*Assignment*: Copy the lines below exactly. No picture goes into the copy.

*Provided data*:
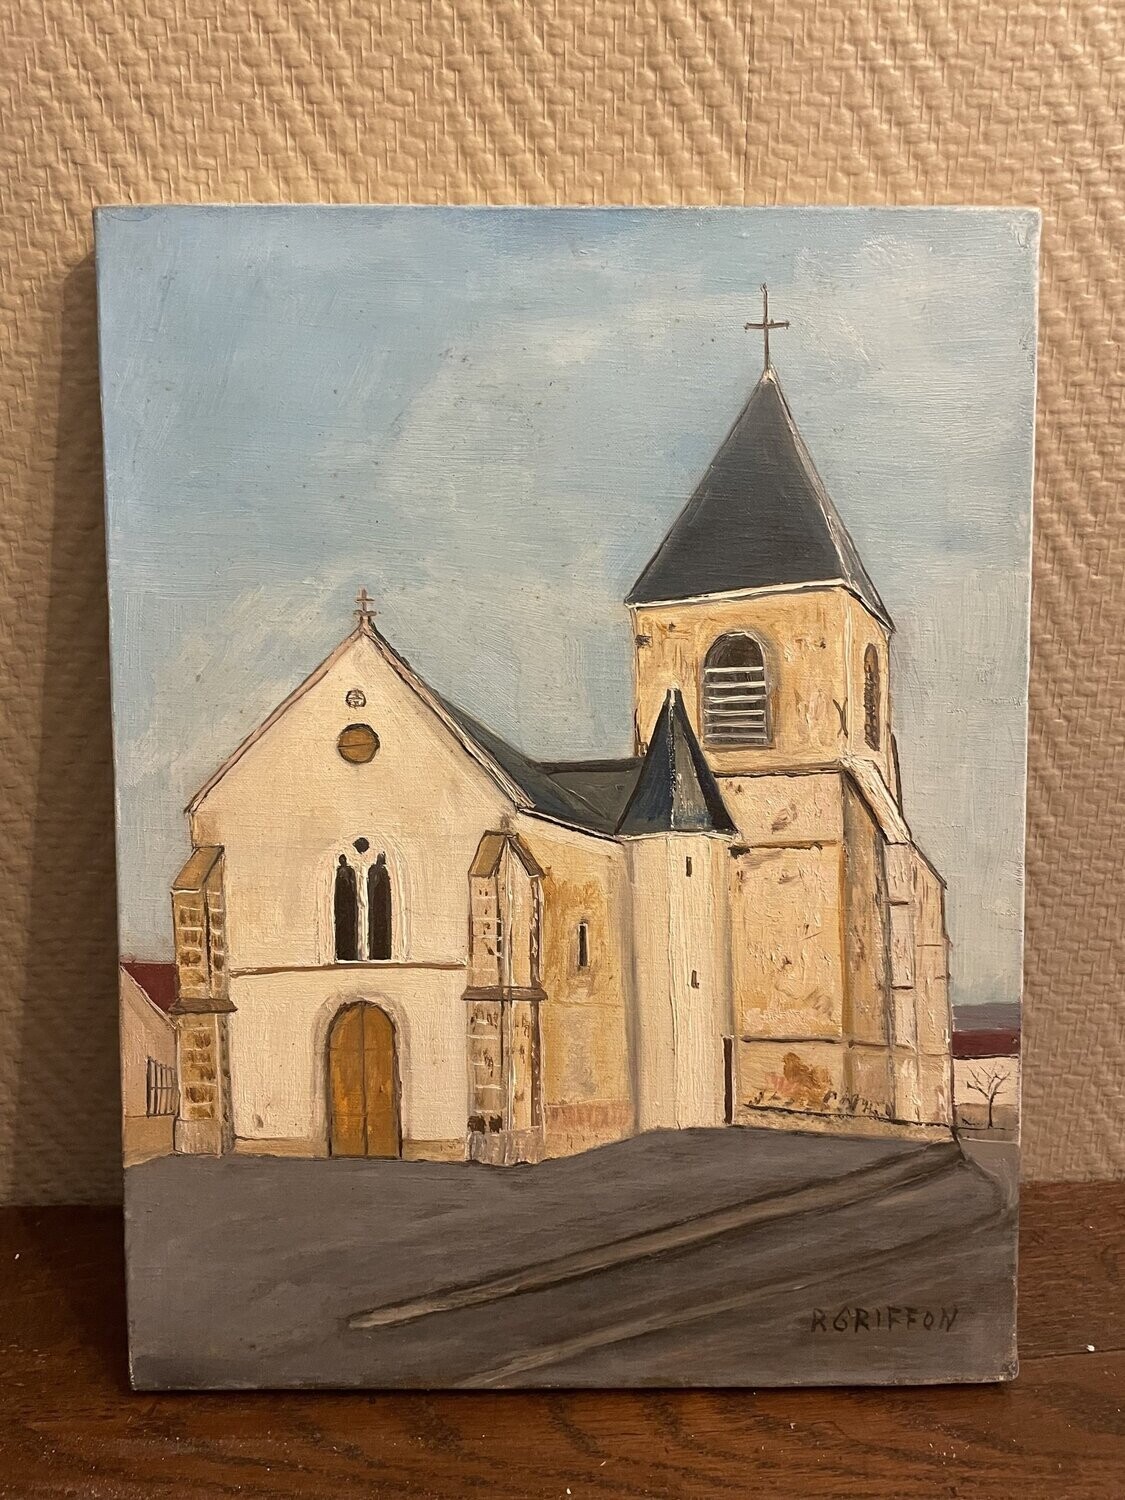 R. Griffon, peintre de Bourges. "L'église de Germaine" - 35 cm x 27 cm
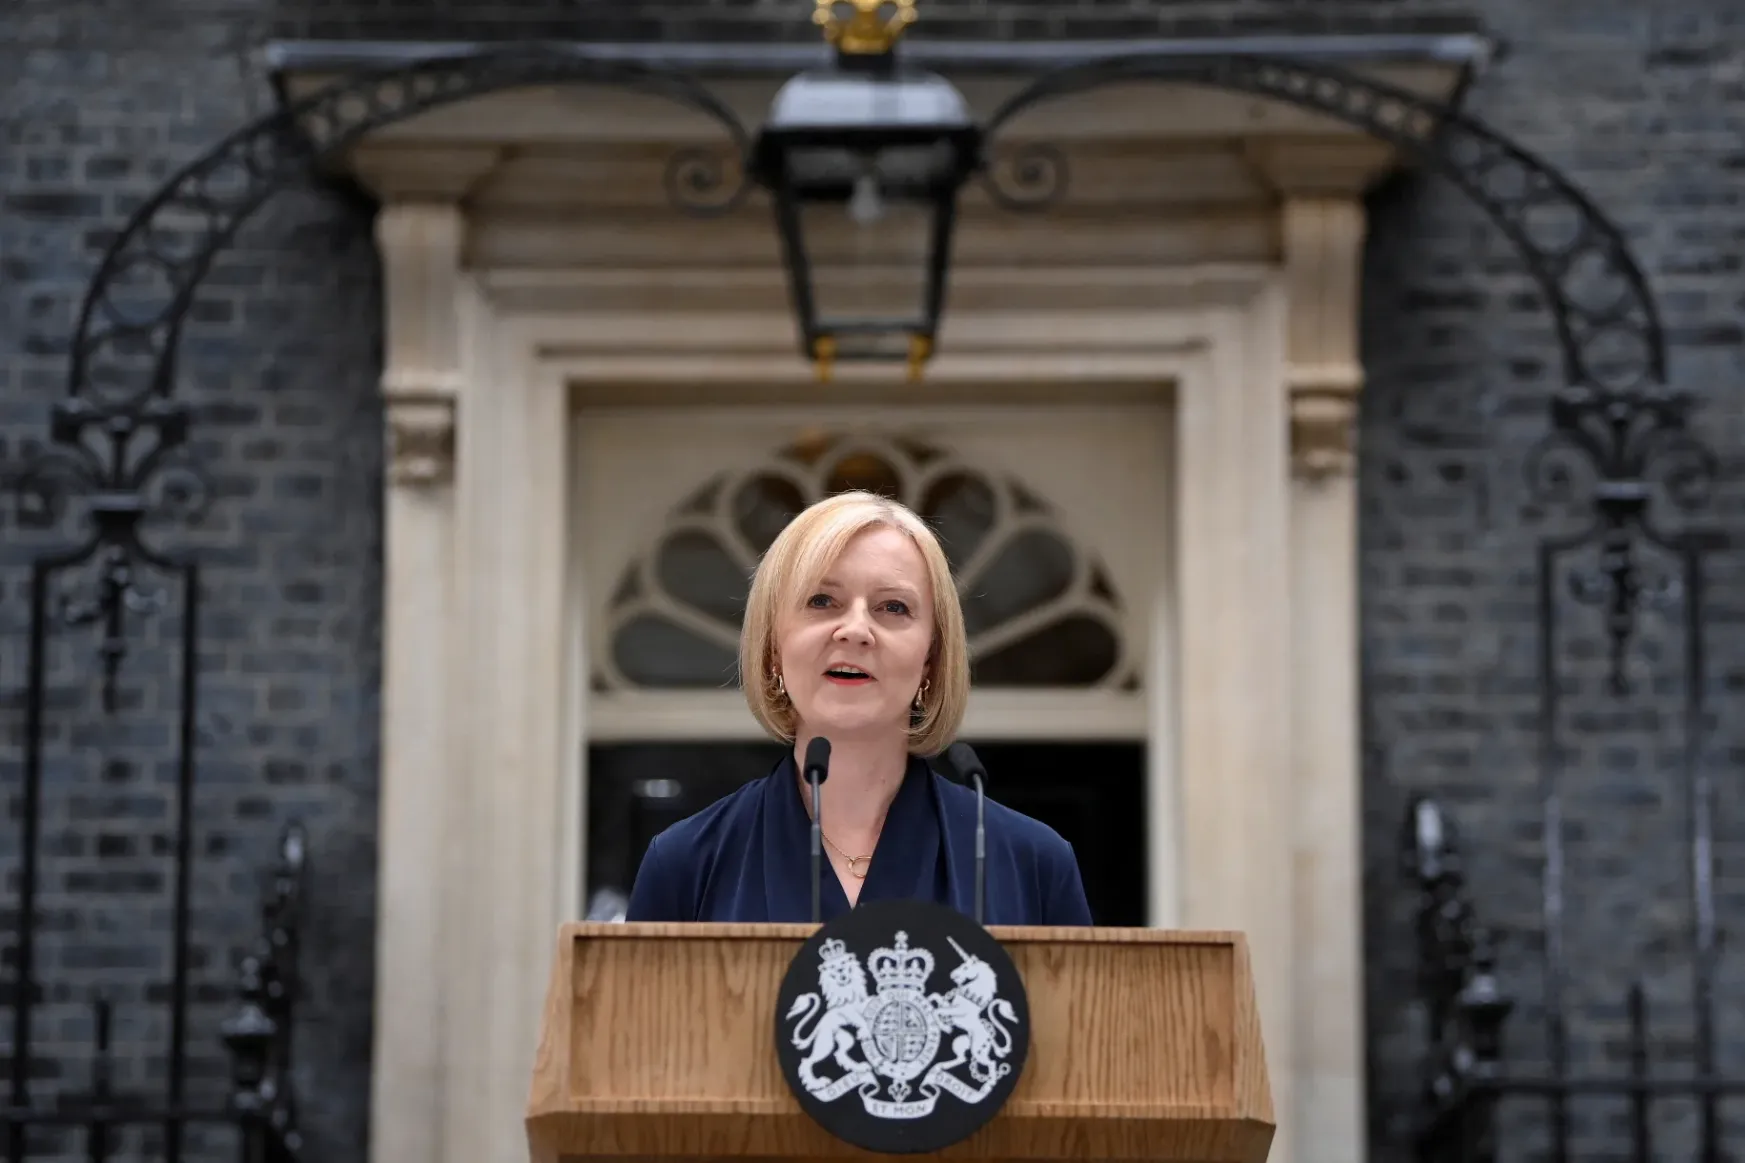 Liz Truss: Boris Johnsont az utókor egy nagyon fontos miniszterelnökként fogja számon tartani
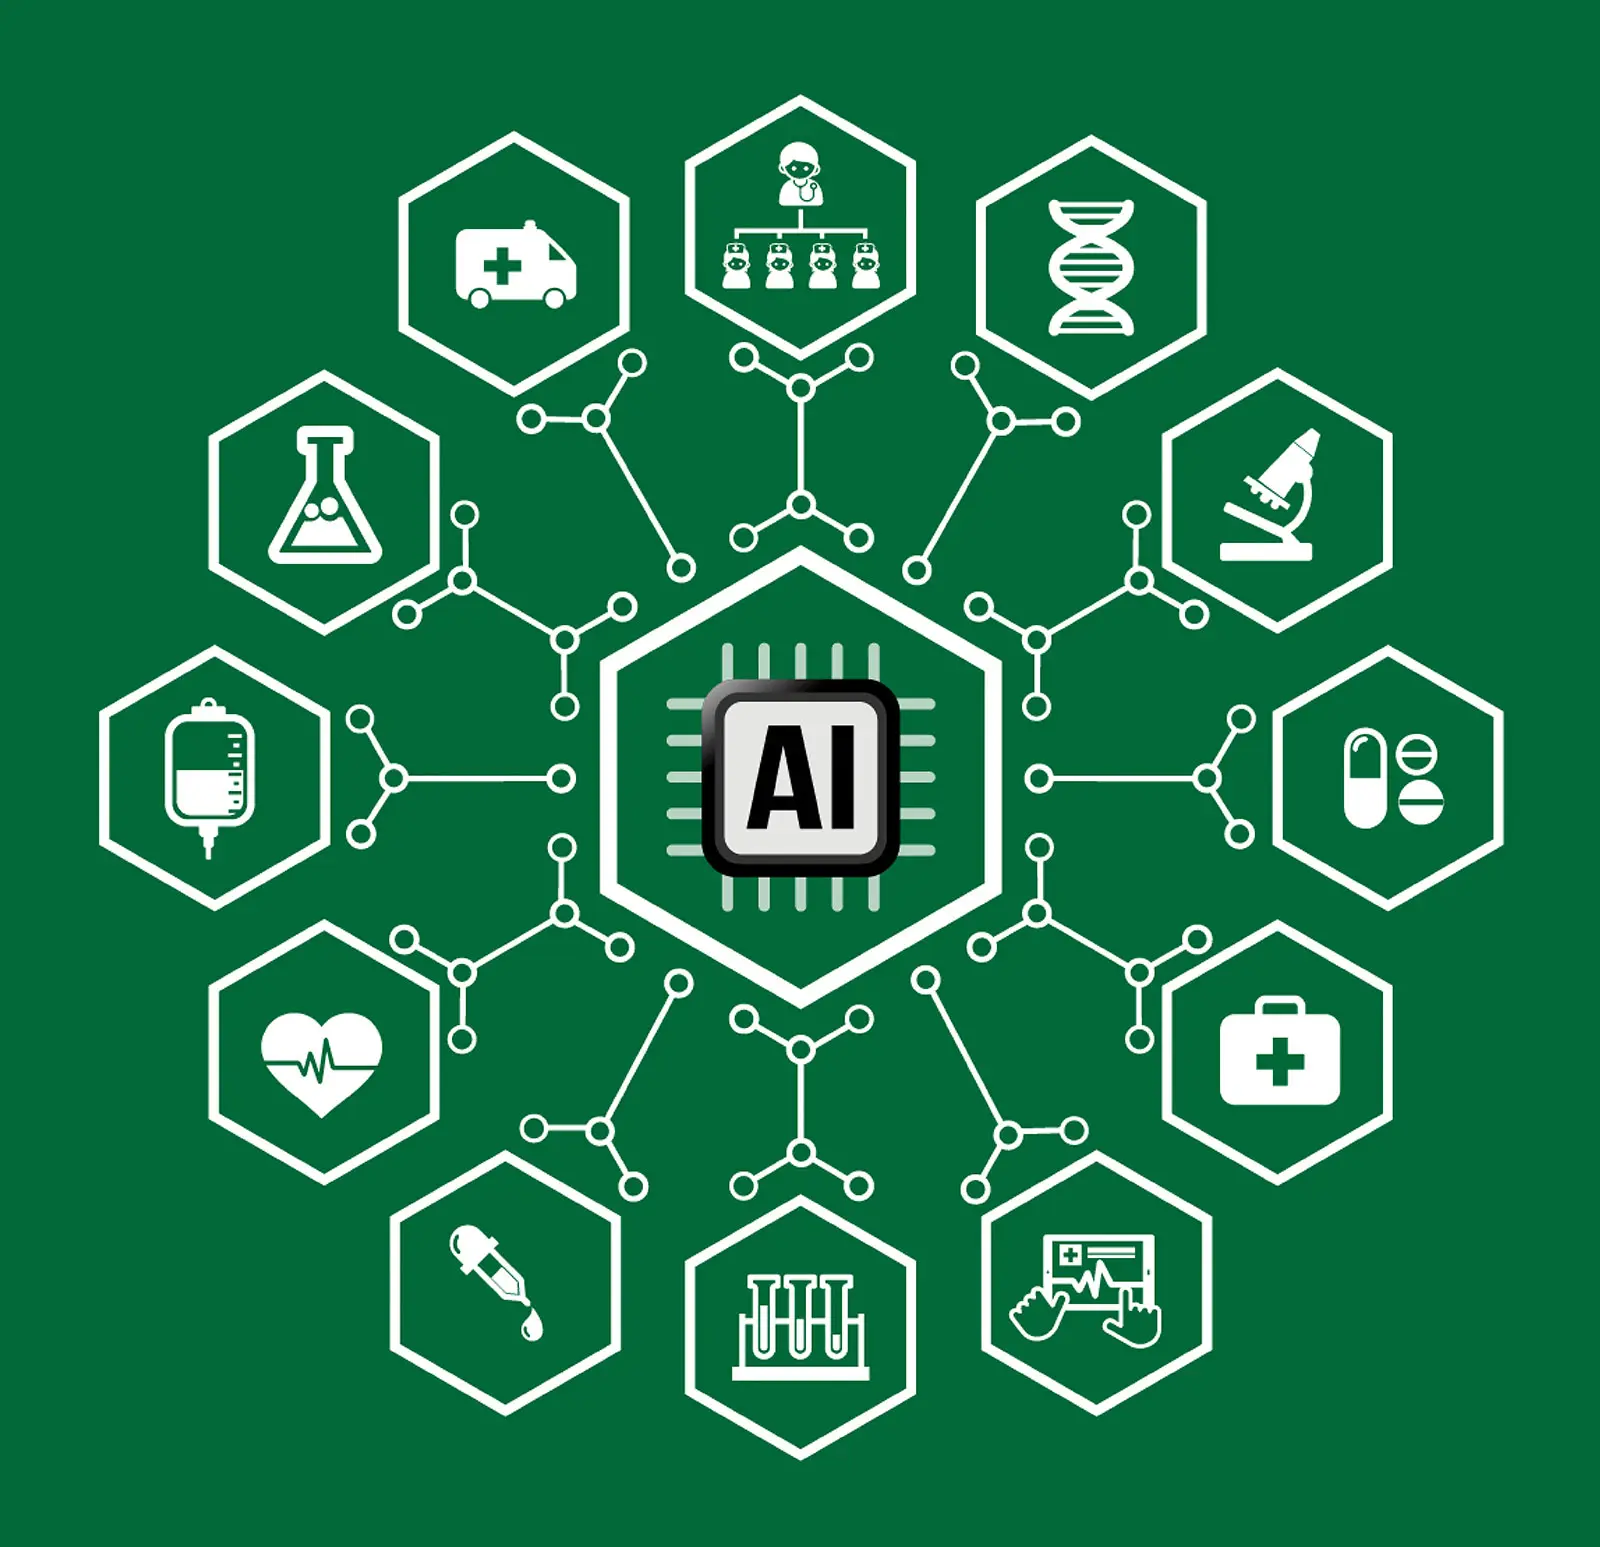 ventajas y desventajas de la inteligencia artificial en la medicina - Qué desventajas tiene la inteligencia artificial en la medicina

*Solved problem*:
 R. Griffon, peintre de Bourges. "L'église de Germaine" - 35 cm x 27 cm
 Liz Truss: Boris Johnsont az utókor egy nagyon fontos miniszterelnökként fogja számon tartani
 ventajas y desventajas de la inteligencia artificial en la medicina - Qué desventajas tiene la inteligencia artificial en la medicina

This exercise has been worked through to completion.